3.1.3. Comparison of the Two Methods

To find the optimal solution between these two methods, the calculation results of the two methods were compared. The method of obtaining Δx, Δy, Δz, α, and β values was the same as the method in Section 3.1.2. The values of Δz, α, and β were calculated by introducing Δx and Δy into Equations (2) and (3), respectively, and the calculated values were compared with the actual values.

It can be seen from Figure 7 that the errors of Δz, α, and β of method 2 were less than those of method 1, indicating that method 2 is more suitable for the calculation of camera pose. Therefore, the system uses the result of data fitting (Equation (3)) to calculate the camera pose.

3.2. Random Acquisition Path Optimization

The random distribution of acquisition points in the system space is the premise of simulating actual shooting situations. More specifically, the common shooting angle is generally in a certain range with the top of the object as the center point, and the probability of the occurrence of large-angle tilt is relatively small. Therefore, the random points on the x- and y-axes were set to obey normal distribution, and then the coordinates of z-, a-, b-axes were obtained according to the above calculation method of camera space pose. At this time, the coordinate points of the five axes of x, y, z, a, and b constitute the random acquisition points that obey normal distribution in the system space, as shown in Figure 8.

After generating random acquisition points, a “detour” will occur when the system collects images in the order of generating random points, the acquisition time will be consumed. Therefore, it is necessary to optimize the path of the generated random acquisition points, so that the system can complete image acquisition in a short time. According to the actual acquisition requirements, the camera is required to start from the origin (initial position), then pass through all acquisition points only once. Eventually, it takes the least time to return to the original acquisition point, which is in line with the travelling salesman problem (TSP) proposed by Dantzig et al. [27]. The algorithm has two path optimization methods: local optimization and global optimization as shown in Figure 9. The advantages and disadvantages of these two algorithms are shown in Table 3. Although the path obtained by the global optimal search method is optimal, its algorithm takes a long time and has high computational complexity, which is not suitable for the case of hundreds or even thousands of points. Therefore, the system adopts the local optimal search method to optimize the acquisition path.

Comparative experiments before and after path optimization are carried out to evaluate the impact of path optimization algorithm on system acquisition time. The number of acquisition points is set as 5, 10, 15,…, 100 (spacing is 5). Recording the acquisition time of the system before and after the path optimization of the acquisition algorithm. Each point is tested three times to get the average value.

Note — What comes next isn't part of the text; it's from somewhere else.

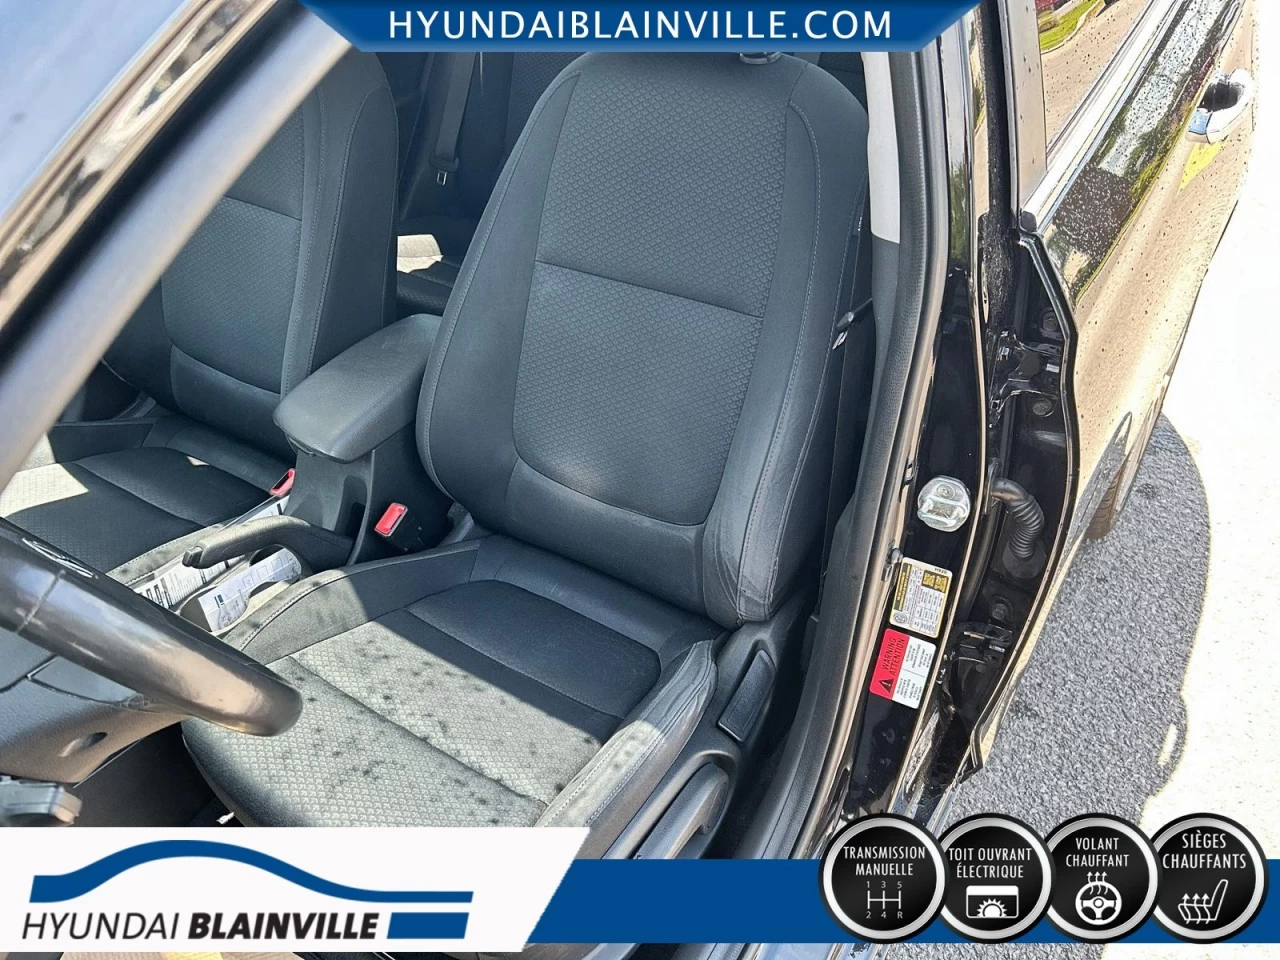 2019 Hyundai Accent ULTIMATE, MANUELLE, TOIT OUVRANT+ Main Image
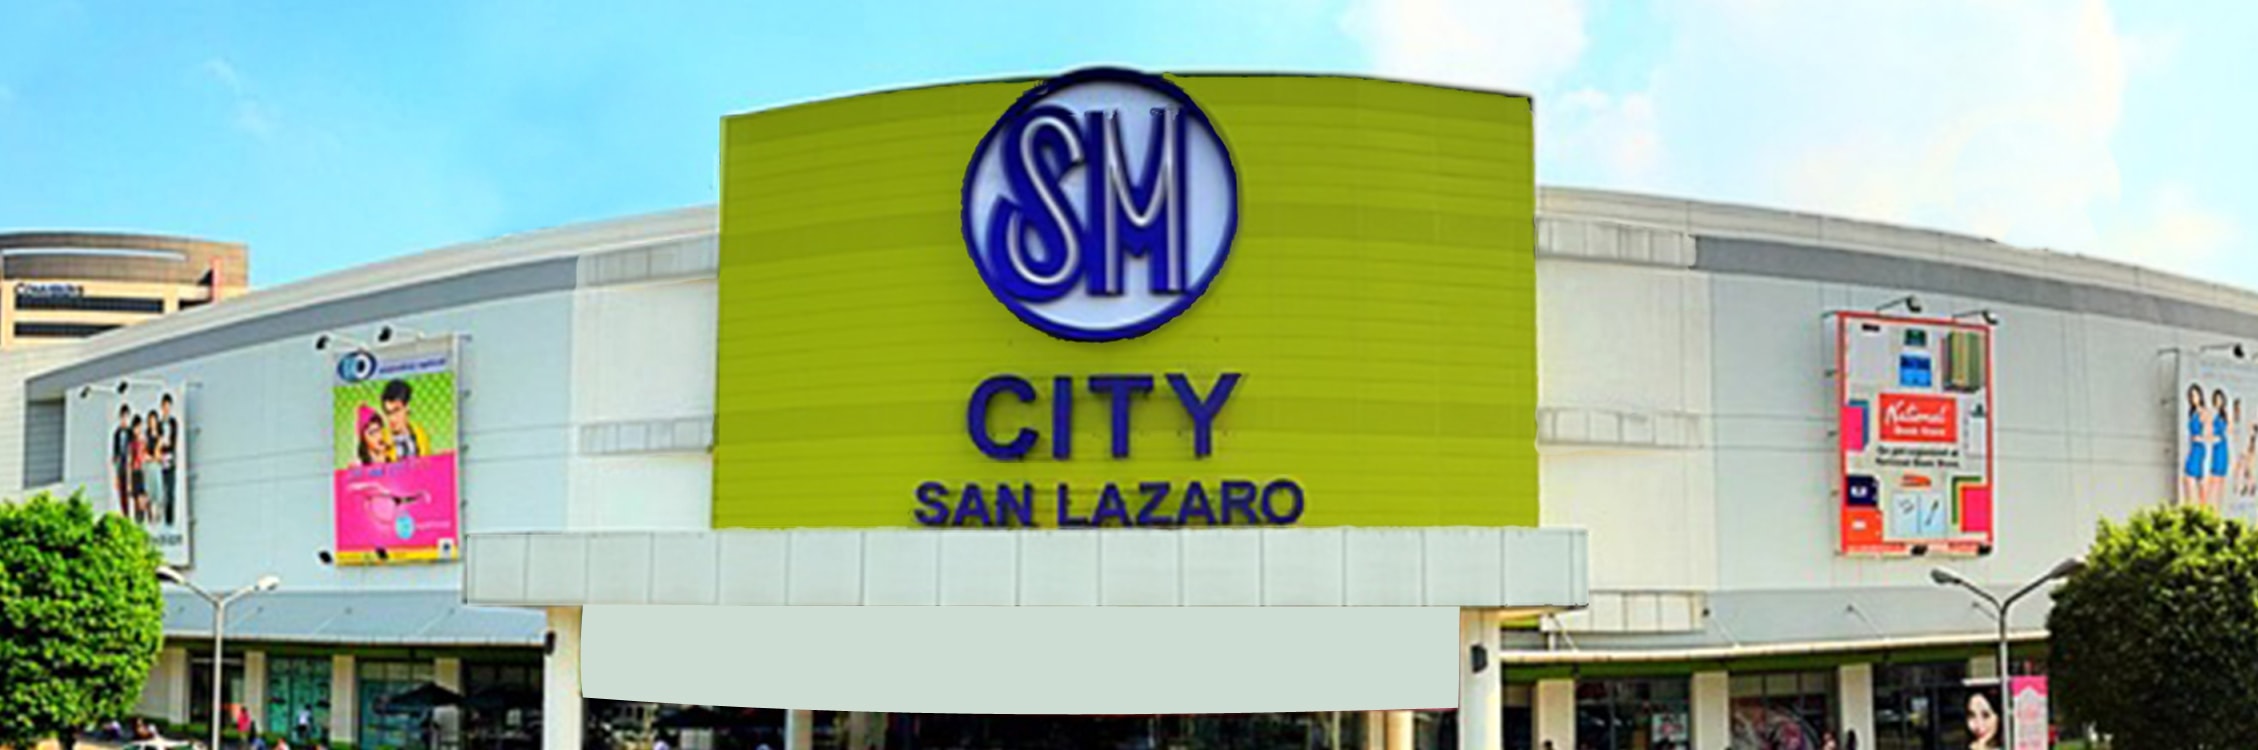 SM City San Lazaro

The final acquisition time is shown in Figure 10. The search principle of the above TSP path optimization algorithm is the shortest distance between two points. However, when the system uses the optimal path search, the distance between two points in space is not the shortest path of the axis movement. The reason is that under the condition of the same speed of each axis, when the point with the largest distance among the five coordinate points moves, the remaining coordinate points will also complete the movement. Hence, we take the maximum distance max (x, y, z, a, b) of five coordinate points as the search principle.

As can be seen from Figure 10, the system acquisition time is increasing with the increase in the number of acquisition points. The path acquisition time before optimization increases significantly. However, the path acquisition time after optimization increases slowly. Meanwhile, it can be seen from Figure 10 that the time consumption of path acquisition before the optimization is about 1.6 times of that after optimization. In conclusion, it is very necessary to optimize the acquisition path when the number of acquisition points is large, the path optimization algorithm adopted in this paper had an obvious effect.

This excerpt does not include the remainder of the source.